Current bank credit growth is over 20 per cent. The inflation rate has
gone up as a result of inevitable hikes in administered prices but it
is not spinning out of control. Tough decisions on telecom deregulation
and particularly on oil prices have been taken by the Government. New
private insurance companies have finally been given the green signal.
But on the
flip side, the monsoon has been less than normal in six states, industrial
production appears to have slumped even after allowing for statistical
aberrations, interest rates have increased across the board and the rupee
has depreciated vis-a vis the dollar by almost 5 per cent since April
1, 2000. Investment continues to be extremely sluggish and business sentiment
is unusually depressed.
The response
of industry has been predictable: increase import duties; speed up privatisation
and increase government spending. Of these three, the most dubious is
the recommendation relating to import duties. In fact, it could well be
argued looking at the data that the Indian economy has moved to a lower
growth path since 1997-98 precisely from a time when the downward trend
in import duties was reversed first under P. Chidambaram and later by
Yashwant Sinha. Moreover, when the rupee depreciates, imports immediately
become costlier giving protection to domestic producers.
Due Diligence:
As far as privatisation is concerned, A.B. Vajpayee's Government has taken
bold steps although only one deal relating to the sale of Modern Foods
to Hindustan Lever has been consummated so far. Many more transactions
are on the anvil but these must go through the process of due diligence.

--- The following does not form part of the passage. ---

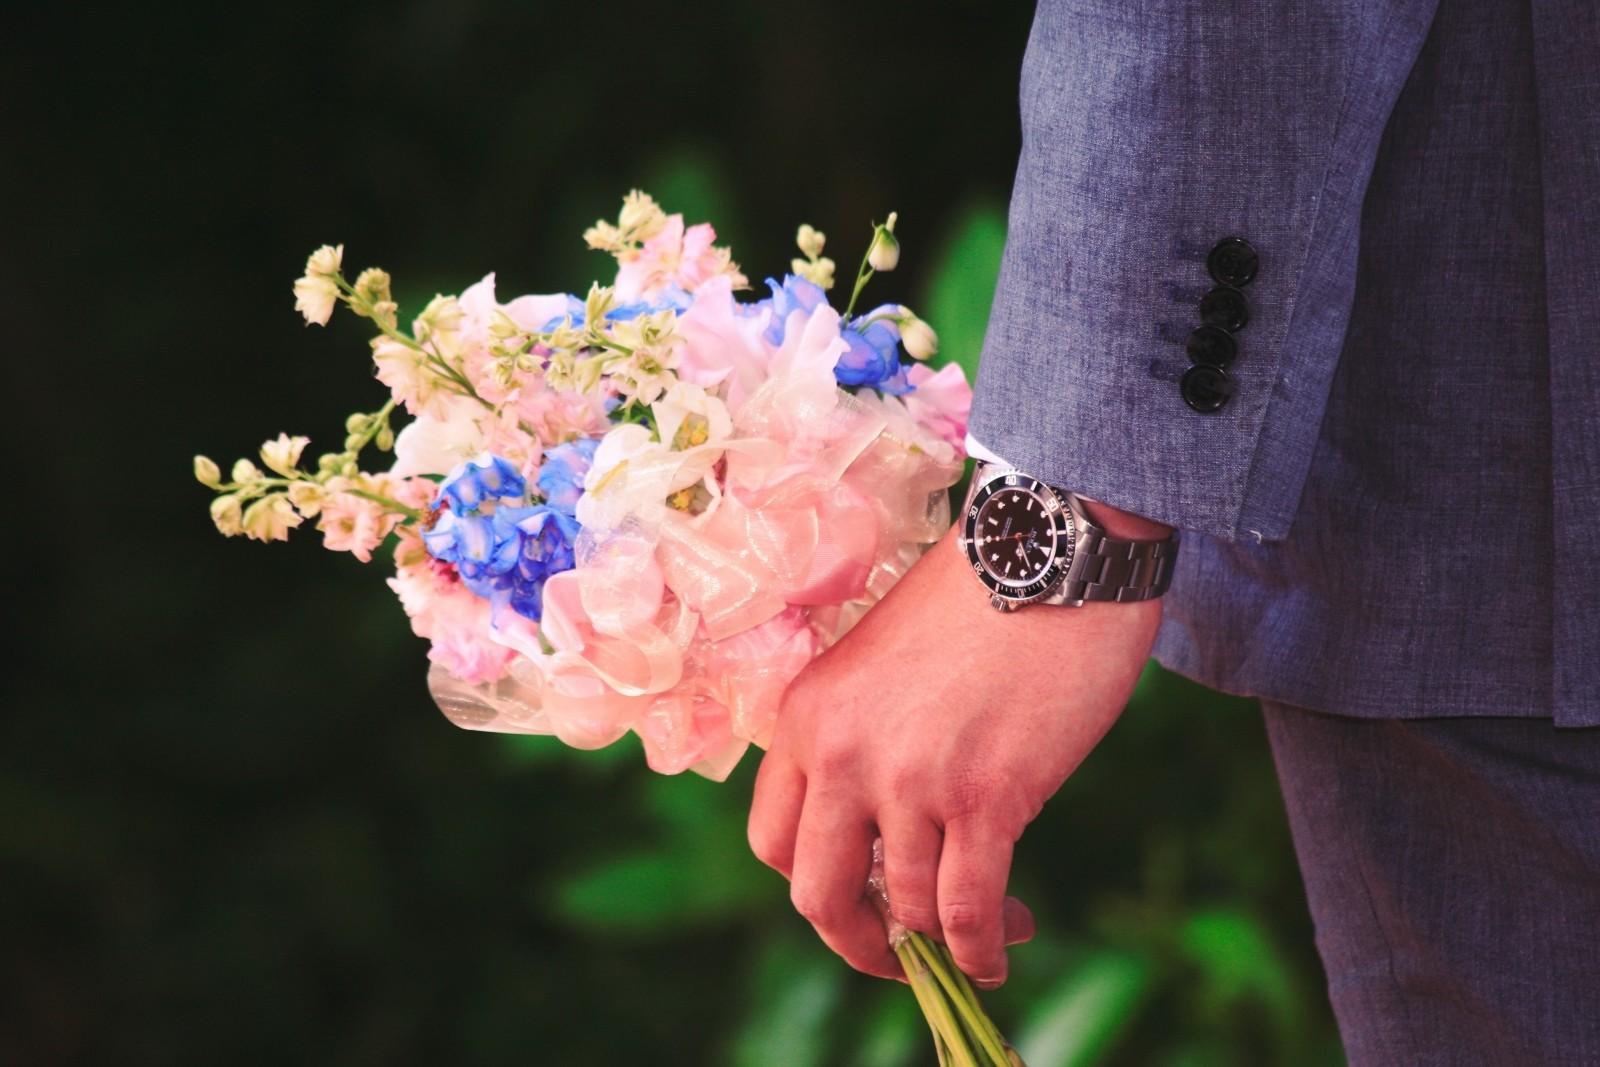 Kwiaty sztuczne, czy prawdziwe?

There is no point short-circuiting this process and giving privatisation
a bad name just to deal with some short-term hiccups. And while on privatisation,
the government cannot escape its responsibility for eroding the market
value of a number of blue-chip PSUs by half-baked pronouncements and actions.
The third
option is the standard Keynesian prescription for reviving an economy
during a depression. But we are not in a depression. Keynes' solution
of more government spending was made when governments in the West followed
conservative fiscal and balanced budget policies. What he would have recommended
in a situation when an economy's overall fiscal deficit is around 10 per
cent of the GDP is something worth speculating about. Former RBI governor
C. Rangarajan put it well in his JRD Tata Memorial Lecture in Delhi in
July 1988: the argument that borrowing by the public sector for the purpose
of capital expenditure which create assets is not harmful, loses much
of its validity in India, since the rate of returns on these assets is
nowhere near the interest rate paid on the borrowings.
Government
spending on infrastructure like power, roads, irrigation, railways and
housing must undoubtedly increase. But it cannot as long as government
expenditure is consumed by salaries, pensions, subsidies, bailouts and
debt servicing. Neither the Central budget nor the state budgets can sustain
any increase in investment expenditure. Thus, additional public investment
in infrastructure must come from restructuring existing government expenditure
consistent with the need to reduce both the fiscal and specially the revenue
deficit.
In developed
countries, interest rates are raised to cool overheating or lowered to
revive decelerating economies. We have yet to reach that stage. But we
must move faster towards creating a framework that allows interest rates
to be used as an instrument of macroeconomic management. Meanwhile, what
can be done to deal with QSQT pains is to maintain an overall policy stance
to keep sentiment bullish. Vajpayee has allowed drift to gather momentum.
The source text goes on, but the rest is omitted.